Re: check this: more surveillance for fun and profit...

From: Michael S. Lorrey (
Date: Fri May 12 2000 - 08:38:42 MDT

"Michael S. Lorrey" wrote:

> Zero Powers wrote:
> >
> > Sounds like Mike Lorrey is going to need a *much* bigger gun :)
> Oh, an F-16 is pretty easy to hit at 3000 feet, thats only 1000 yards. I
> already have a rifle that could hit that target. What I need is a bigger
> warhead...

Besides, all I really need is some good jamming equipment, and maybe a laser

However, given knowledge of speed and altitude, its not hard to hit an aircraft
given practice, with a firearm. When I was in the Air Force, repairing bullet
damage from cattle ranchers in the western US was one of the big sheetmetal jobs
that the airframe troops had to deal with.
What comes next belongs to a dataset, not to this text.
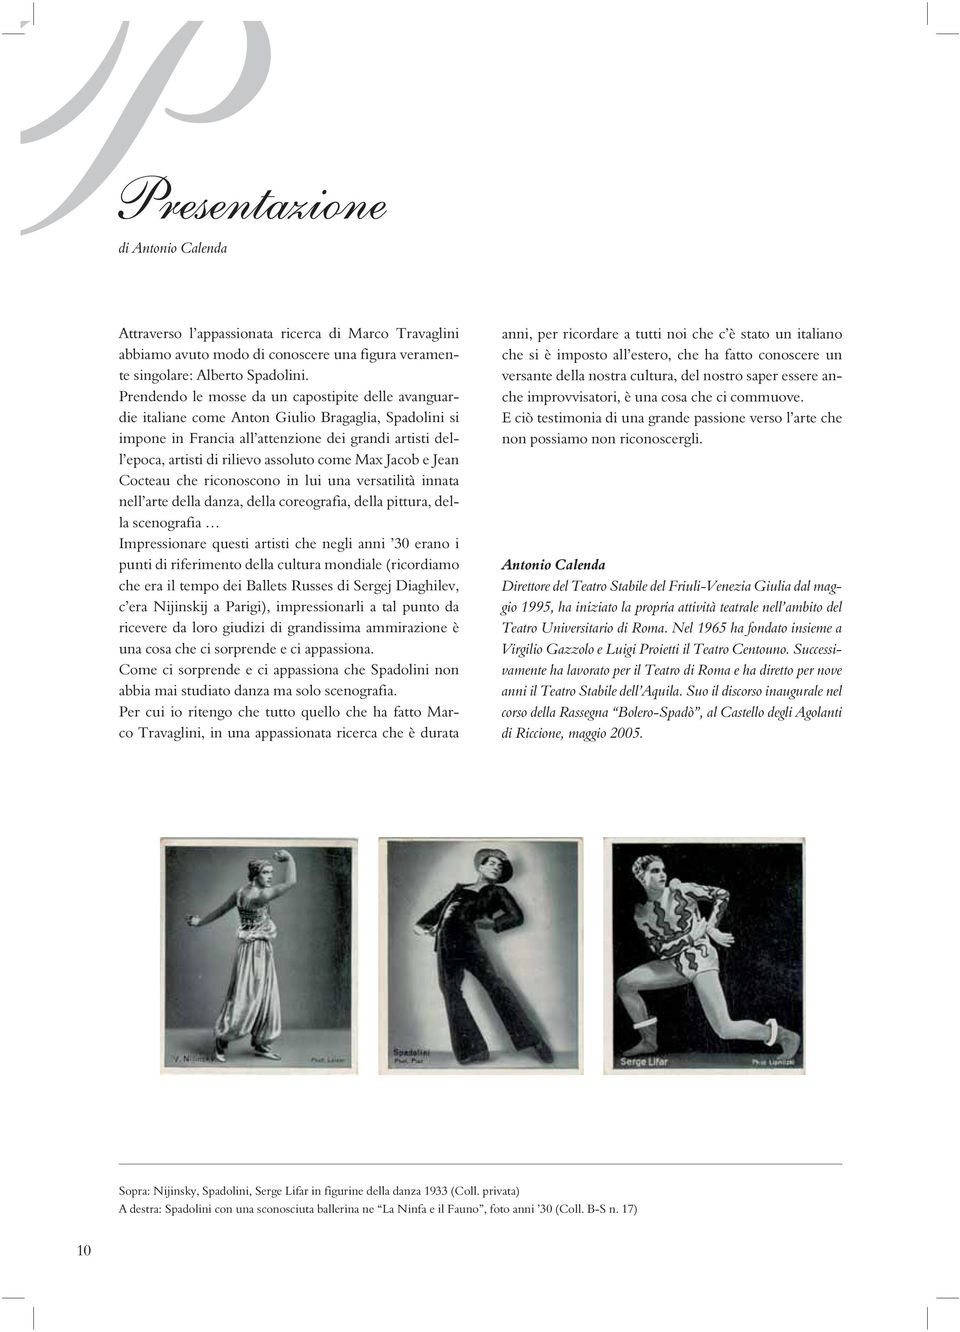 come Max Jacob e Jean Cocteau che riconoscono in lui una versatilità innata nell arte della danza, della coreografia, della pittura, della scenografia Impressionare questi artisti che negli anni 30

FOr example: An F-16 is, as I recall, 47 feet long, or .0089 miles long. At 550
mph, it is traveling 806.6667 feet per second. A 150 grain bullet fired from my
bolt action .300 Win Mag Savage 110 Tactical rifle travels at about 3000 feet
per second. Assuming that it is a crossing shot, rather than a head on or tail
on shot (which are much easier), and assuming I want to hit the F-16 when it is
at a point tangential to me (i.e. the closest point in its path), I need to aim
roughly 16 plane lengths ahead of the craft, or else drift my sighting system so
the point of aim is that many plane lengths behind the point of fire. Getting it
precisely would require some more figuring, but all such results can be
tabletized, and were so by the NVA during Vietnam. There were a good number of
aircraft shot down by small arms fire.

Now, using leading techniques is not widely used with rifles, that is usually
used by shotgunners, but there have been some people who have taken the time and
are quite skilled at shooting flying objects with rifles. I recall that the
original Army test for the Browning Automatic Rifle (the BAR) back when involved
John Moses Browning hiring one man who was an exceptional sharpshooter. This
gentleman shot something like 75,000 1 inch blocks of wood out of the air
(typically thrown 50-100 feet in the air) straight over a period of several days
with that BAR (which is a really heavy gun with a serious kick to it). I think
he might have had something like a dozen misses or less in the entire string of
shots. The shooter claimed that he could teach anybody to shoot like that.